She turned her face to kiss my palm, and when she looked back at me, she had made her eyes wide and pleading. I braced myself for what I knew was coming.

“Speaking of places we could go together, Elizabeth and Darcy are holding a ball tonight,” she said, as if anyone in the house had spoken of anything else in the past few days. The request for my attendance was unspoken but so blatant I could not ignore it.

“Kitty…” I sighed, resting my head against her shoulder.

We had the freedom to be ourselves at Pemberley under normal circumstances, but we couldn’t do that when it was full of other people. No matter how supportive Elizabeth and Darcy were, there was no guarantee their friends would grantus the same courtesy. Everything had changed, but at the same time nothing had changed. I still could not be Kitty’s partner in public.

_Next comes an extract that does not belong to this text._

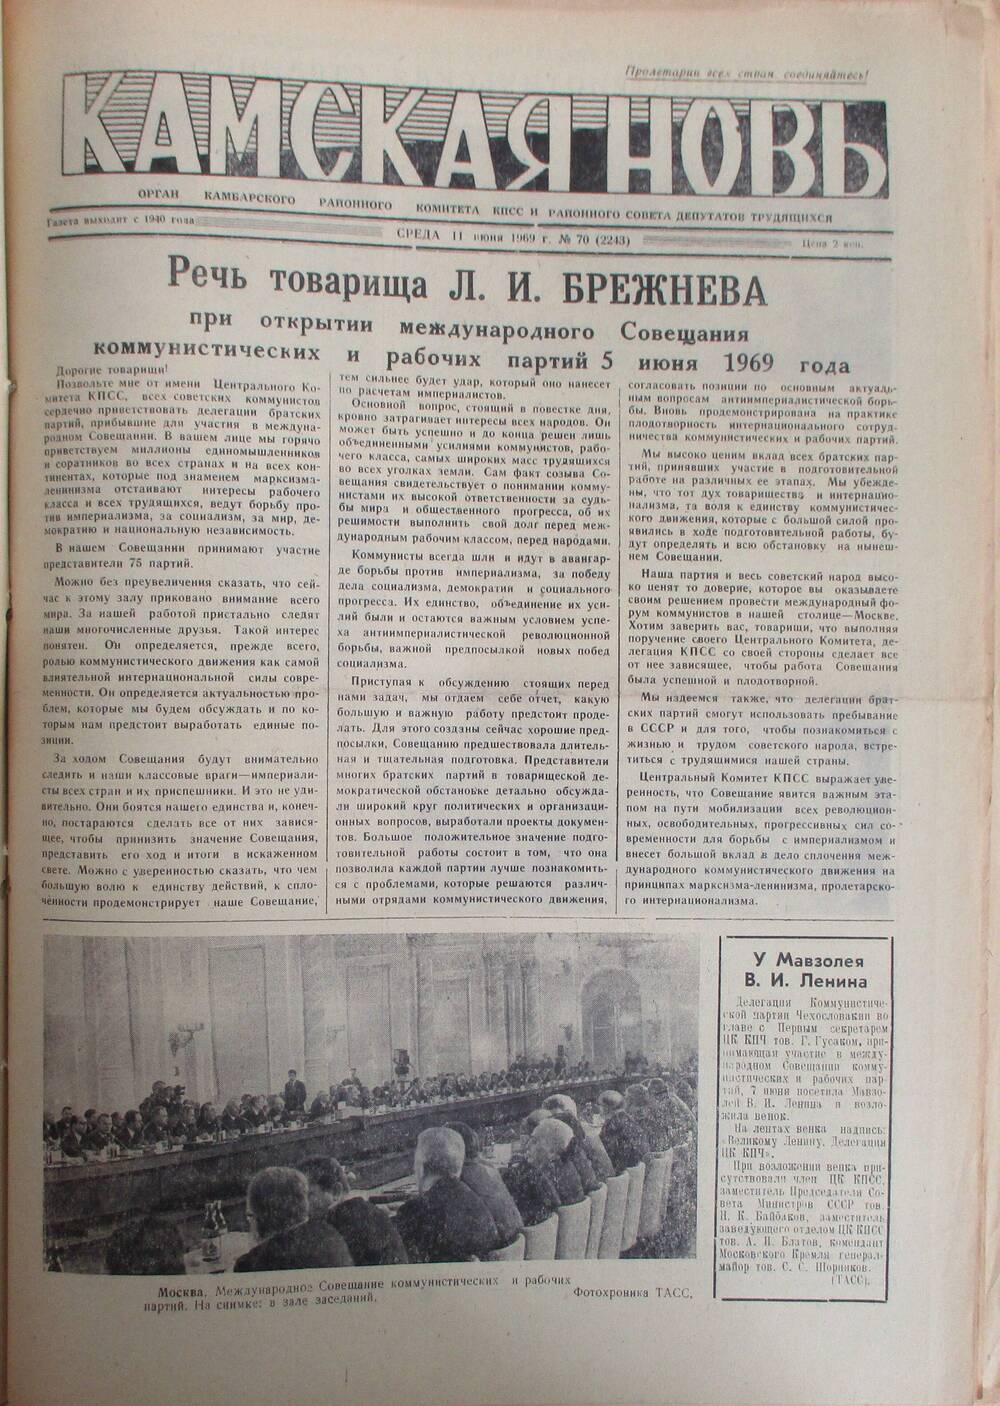 Газеты Камская новь за 1969 год, орган Камбарского райсовета и  РККПСС, с №1 по №66, с №68 по №156. №70.

“Please? It’s no fun at all without you,” Kitty begged, and it was so hard to argue with her when she was pressing kisses to my hair and running her fingers up and down my arm. I wasn’t even sure she knew what exactly she was doing. “Besides, it will be the last one before we leave, so whatever happens, we can escape to the Continent afterwards. And I promise to keep you away from any walls you could fall off.”

I couldn’t help my burst of laughter. “Okay,” I relented. “I’ll go.”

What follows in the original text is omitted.